Sunday, August 7, 2011

The Rebel Angels: A review

It is not a very easy book to read. However, it is totally worth it. It reminded me of Salman Rushdie's Midnight's children, though magic realism in this book is much more subtle and integrated. The sequel of this book What's bred in the bone contains many more explicit supernatural elements than does this book. However, I like it all the more for it.

The pace of events never dies after the explosive and completely unwarranted introduction. The university atmosphere being built up feels construed in the beginning, but as one gets used to the eccentric characters and Gothic milieu of Spook university, a rich pasture from an imaginative mind emerges. The story is slow paced and borders on being a philosophical text. However, because of the setting of the story, it does not seem out of place. And the instances of philosophy are broken with patches of humor. Yes, the humor in most cases requires knowing some bits of Greek and Roman mythology and history, but the book does not go out of its way to make it hard. Actually, I would like to read the book once again just as I did Great Expectations in my school days, with annotations and helpful hints thrown along the way. The skill of Robertson Davies as a writer clearly shows through here.

This book is narrated via two different point of views, one of pastor Simon Darcourt and the other of Maria Magdalene Theotoky, a student pursuing a PhD in a field which can be vaguely related to medieval literature. They both have almost equal portions of the book dedicated to them with chapter names alternating between The new Aubrey and Second Paradise. The transitions are smooth and only at one point temporal interleaving comes into play, and that is during the climax.

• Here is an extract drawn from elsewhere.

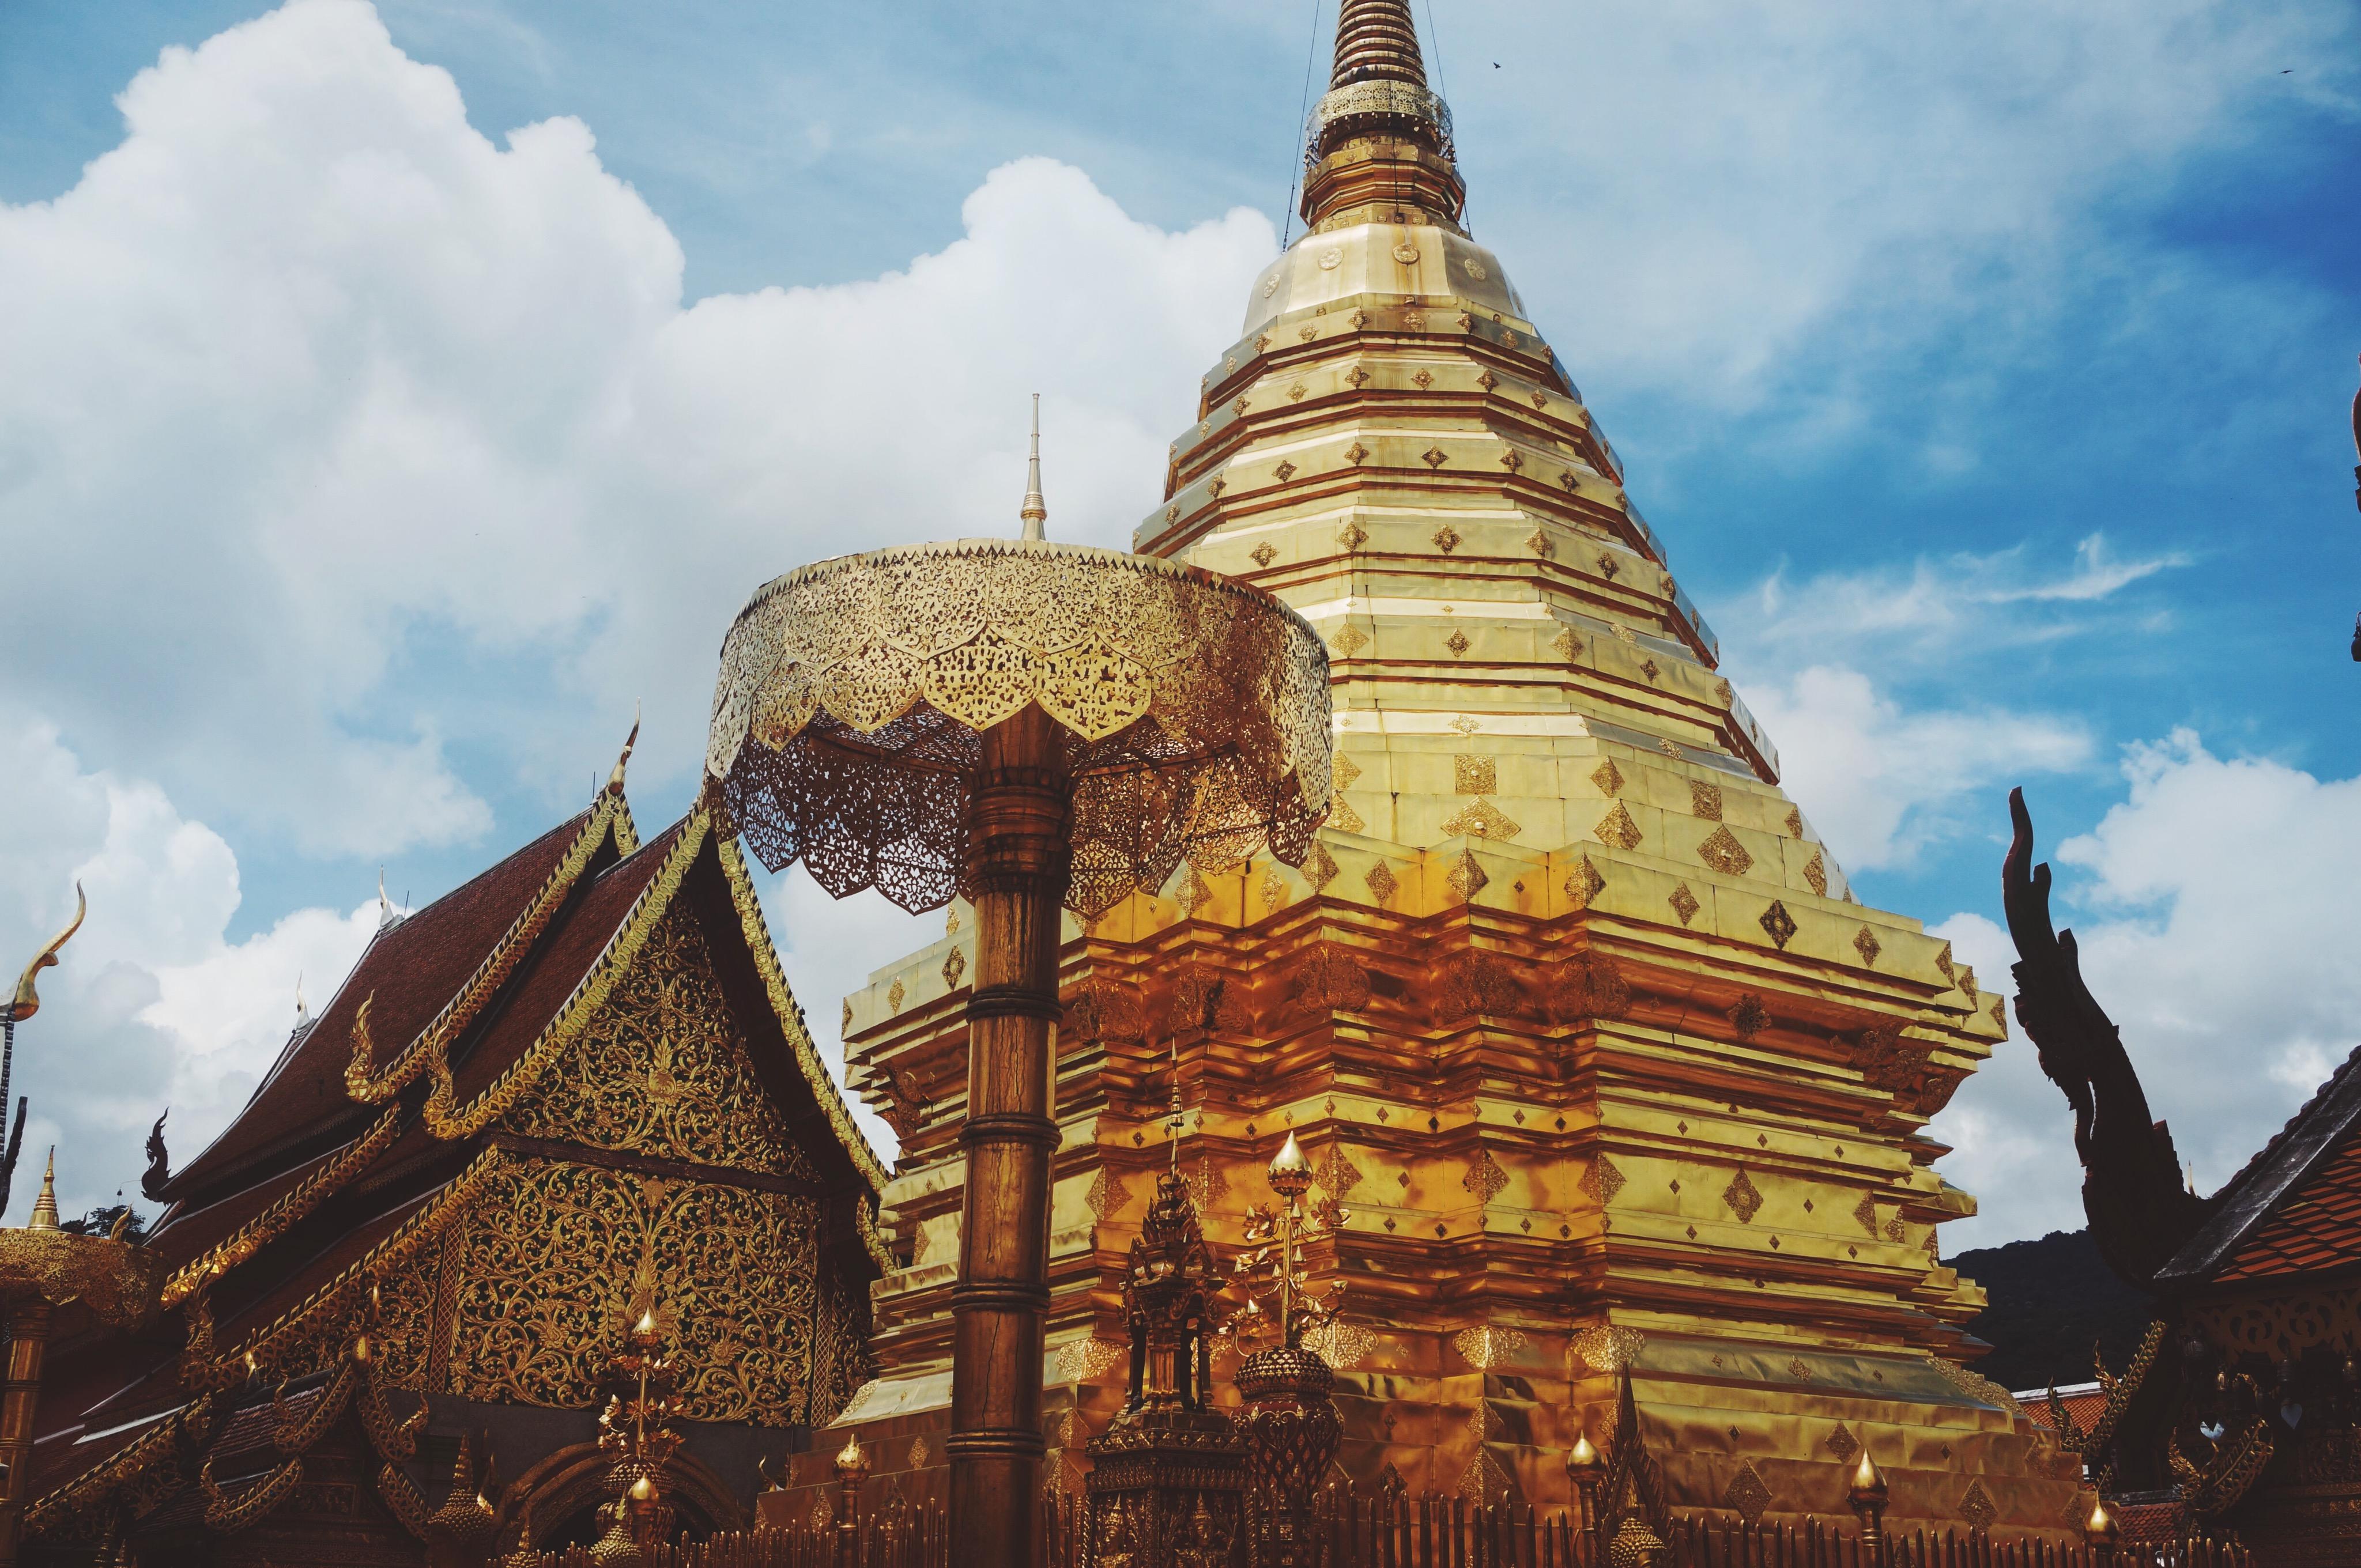 Doi Suthep Tempel in Thailand, Chiang Mai
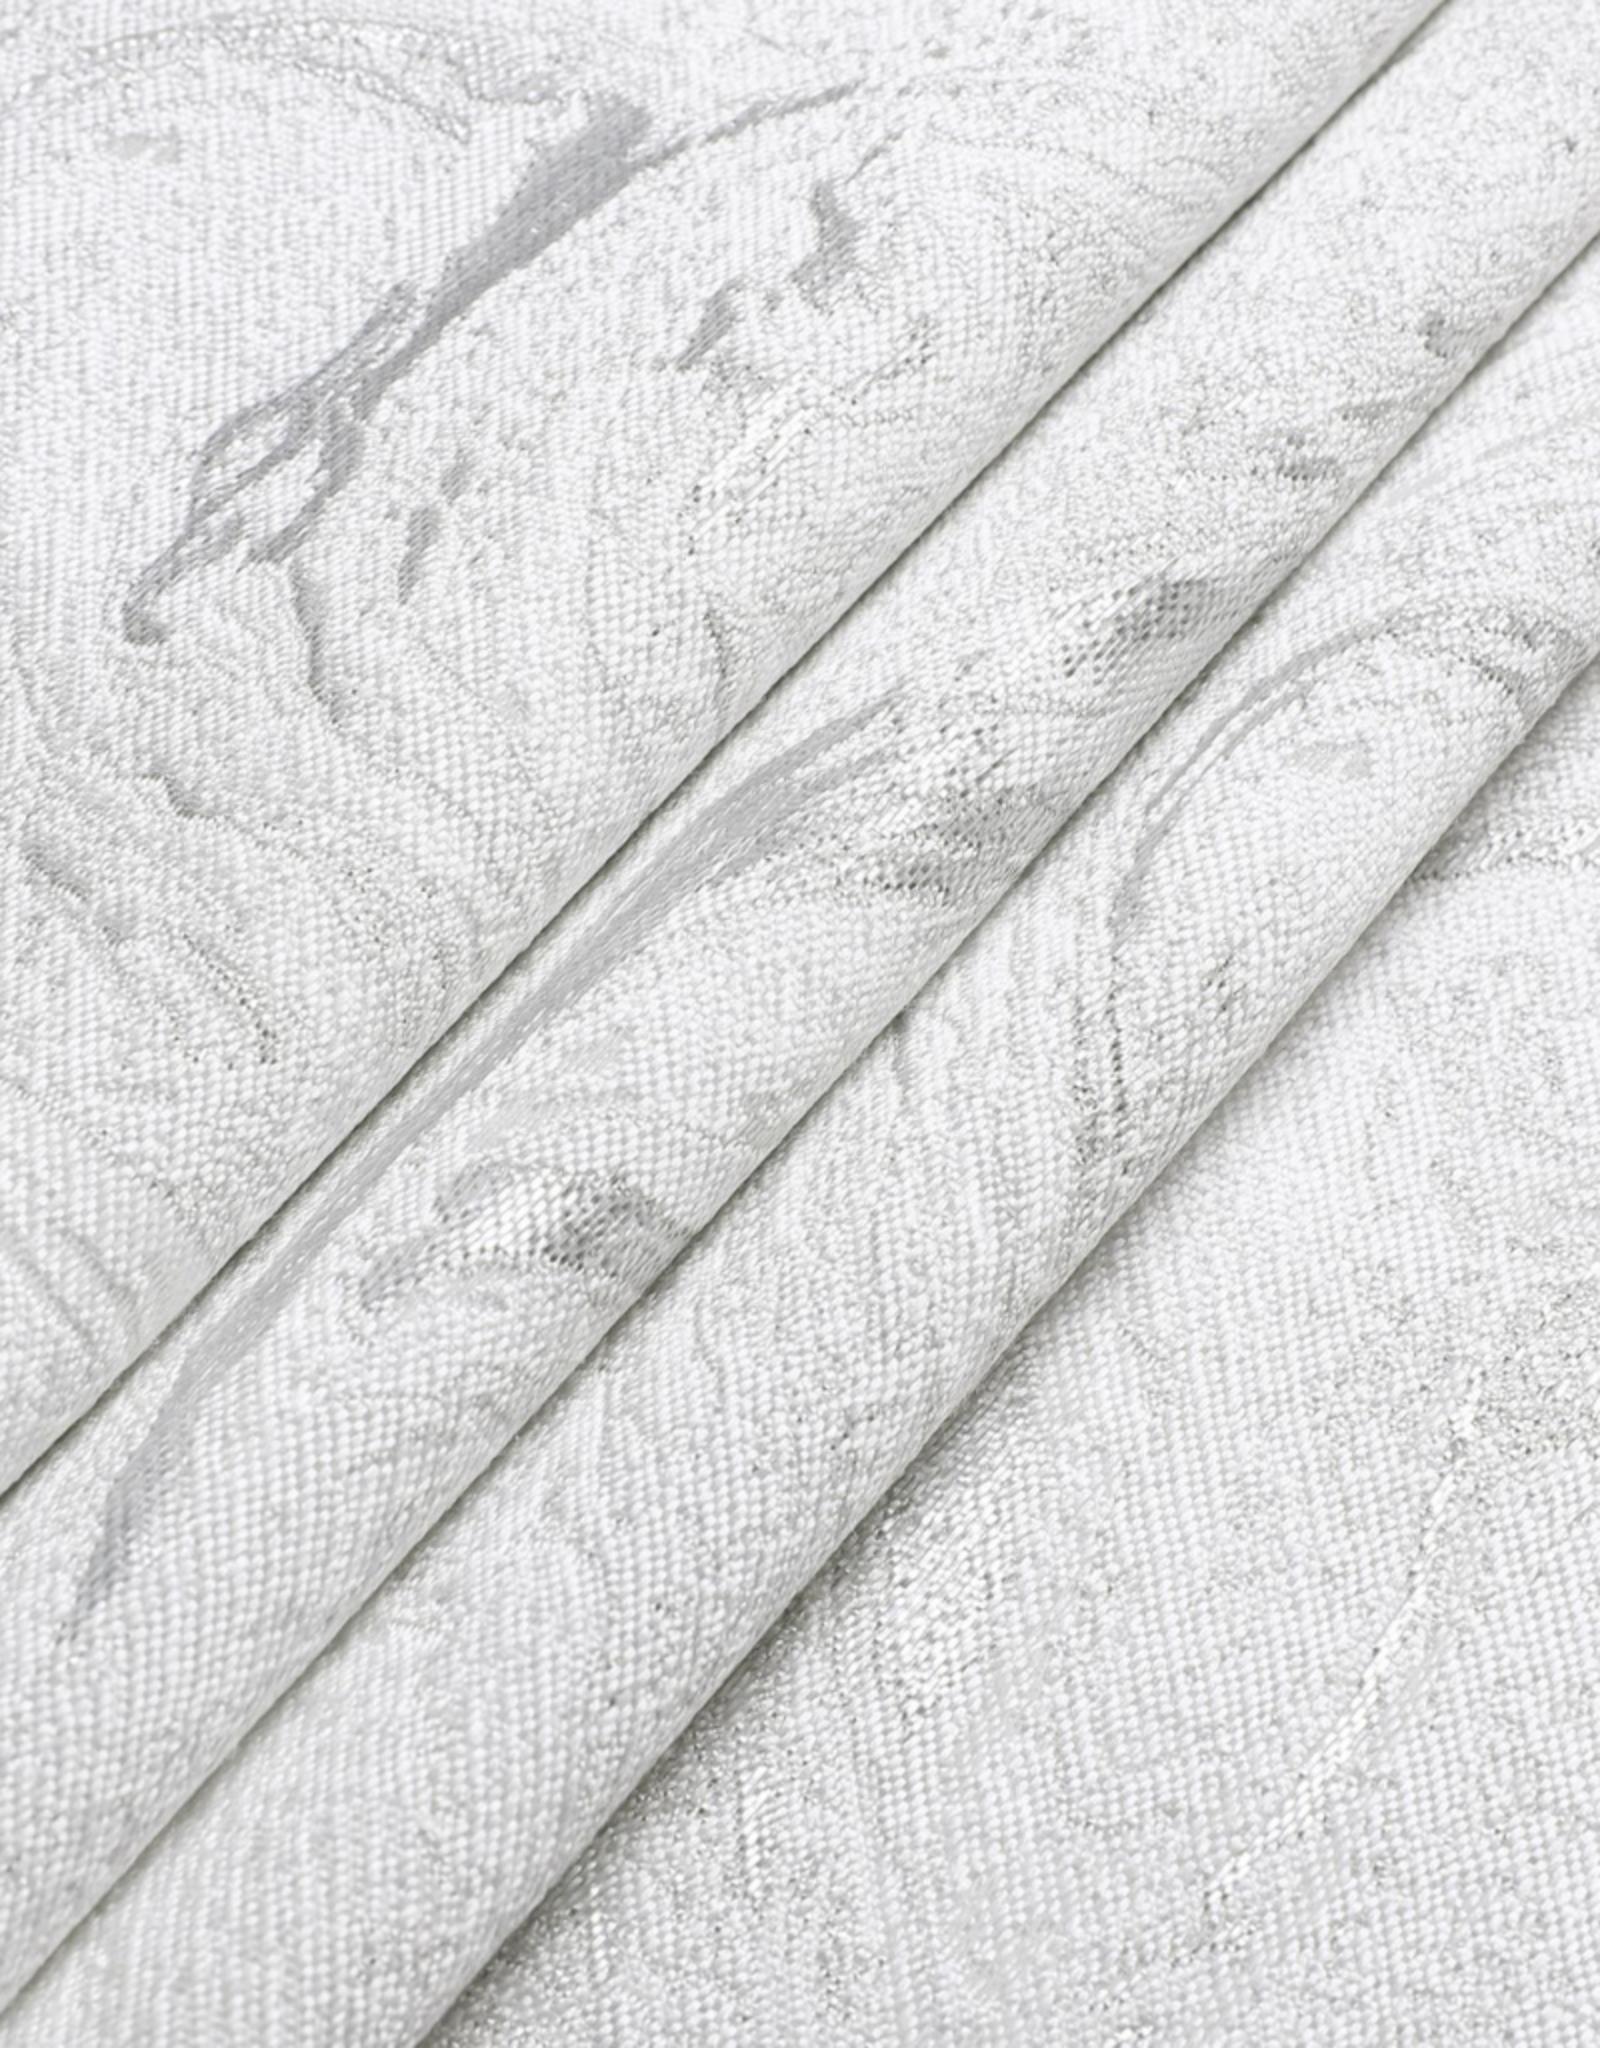 Jacquard White & Silver Wave Tablecloth #1328

Allusions to various other sources abound and the development of plot is intricate and subtle. The winning point of the book for me was the dry humor of Simon. The dry and cool manners of Arthur Cornish, the narcissist boasts of McVarish, the gypsy ways of Maria's mother and Maria's confounding attempts to distance herself, the crooked ways of Parlabane and the classical University settings and everything else too make it a memorable book.

This is a book about struggle to rid one of one's past and future, or one's fate. Also, entwined in it are love stories, from love of common gadje people to love of gypsies to love referred to as carnal knowledge to love which fringes on platonic and finally a kind which is nothing more than eternal friendship.

Overall, a very very enjoyable book. Highly recommended.